In many regions of Africa, WWTPs are primarily available in urban areas, leaving a sizeable portion of the population without access to proper wastewater treatment. Consequently, wastewater from peri-urban and rural regions is discharged directly into rivers, thereby contaminating aquatic ecosystems [31,32]. ARVDs present in the environment undergo structural transformations through both biotic and abiotic mechanisms, hence altering the said compounds [33]. South Africa, which has the highest prevalence of PLWHIV and administers the largest antiretroviral therapy (ART) programme servicing approximately 8 million patients, has extensive documentation of these pharmaceuticals in various aquatic environments [34].

There is a growing body of evidence pointing to the presence of ARVDs in surface waters, originating from sources such as manufacturing, human excretion, disposal or discharge, urban discharge, runoff, and ineffectiveness of wastewater treatment processes [35]. WWTP effluent discharge constitutes the principal source of micropollutants in surface water systems, in comparison to alternative sources [36]. Figure 3 illustrates the documented concentrations of ARVDs globally, with South Africa exhibiting the highest prevalence of these compounds in surface water.
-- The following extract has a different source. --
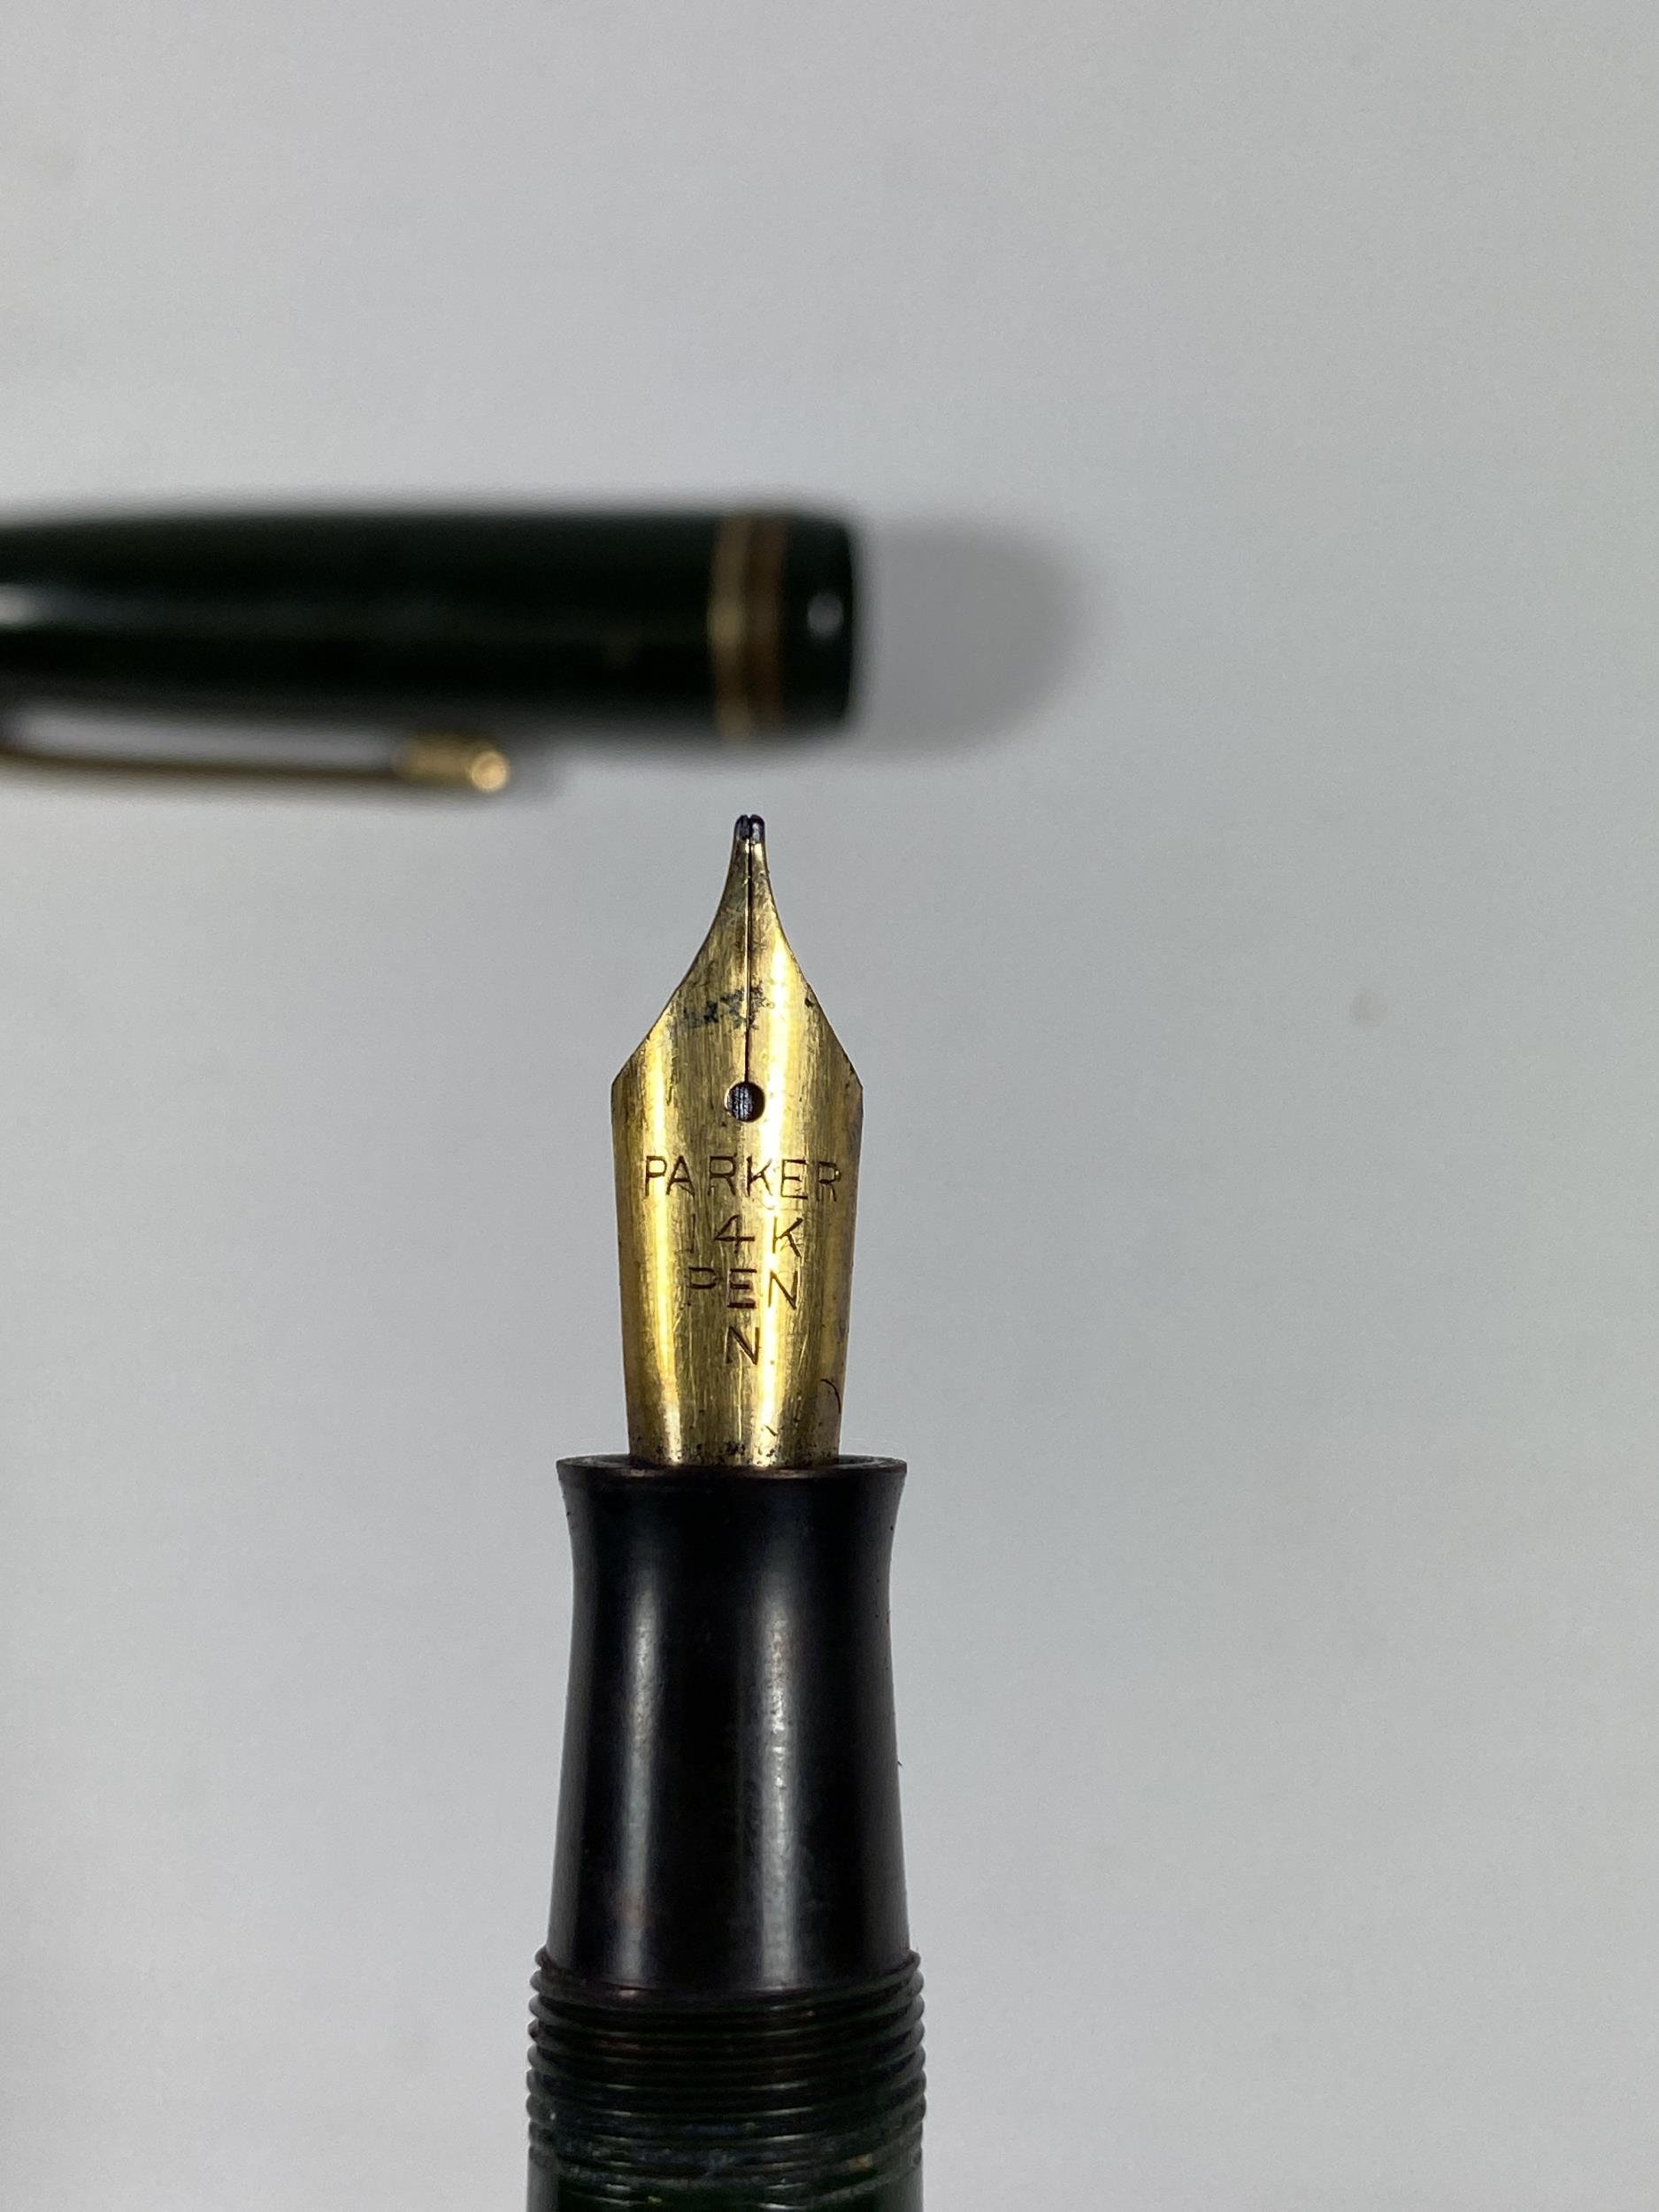 A VINTAGE PARKER 14CT GOLD NIBBED FOUNTAIN PEN - Image 2 of 2

This phenomenon can be ascribed to the availability of resources necessary for conducting such detailed research studies in South Africa, resulting in a multitude of studies reporting diverse ARVDs within the country.

In a research study conducted by Horn et al. [37] in Gauteng, South Africa, the authors concluded that all sampling sites downstream of the investigated WWTPs (Zeekoegat, Olifantsfontein, Flip Human, Vlakplaats, Sunderland Ridge, Welgedacht, and Waterval WWTP) exhibited elevated concentrations of all targeted ARVDs, compared to upstream sampling sites. The dilution of contaminants in surface waters, such as river water, results in ARVDs being detected at reduced concentrations relative to their presence in the effluent [38]. Therefore, the use of dilution factors (DFs) offers a method to estimate probable concentrations of pharmaceuticals in surface waters, in cases where data on consumption, seasonal precipitation, and excretion among others are available [39].
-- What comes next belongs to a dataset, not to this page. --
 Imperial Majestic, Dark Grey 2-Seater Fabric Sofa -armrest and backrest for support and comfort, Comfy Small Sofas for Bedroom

For instance, there is a significant variation in contaminant concentrations between the dry (high) and wet (low) seasons [40]. Furthermore, once introduced into the environment, these drugs undergo numerous processes, including biodegradation, photolysis, and hydrolysis, which may contribute to lower ARVD concentrations in surface waters [41]. Studies conducted in Kenya have reported significantly high concentrations of efavirenz (EFV), lamivudine (3TC), nevirapine (NVP), and zidovudine (AZT) [26,31], in contrast to levels of these pharmaceuticals reported in South Africa [42,43]. For instance, the concentration of EFV detected in River Ngong was measured at 167.10 µg/L [31], while notable concentrations of NVP and AZT were recorded at 5.62 µg/L [5] and 7.68 µg/L [26], respectively, in the same river. In Kenya, 3TC and NVP are utilized as first-line regimen drugs, potentially explaining their elevated concentrations in surface waters [44].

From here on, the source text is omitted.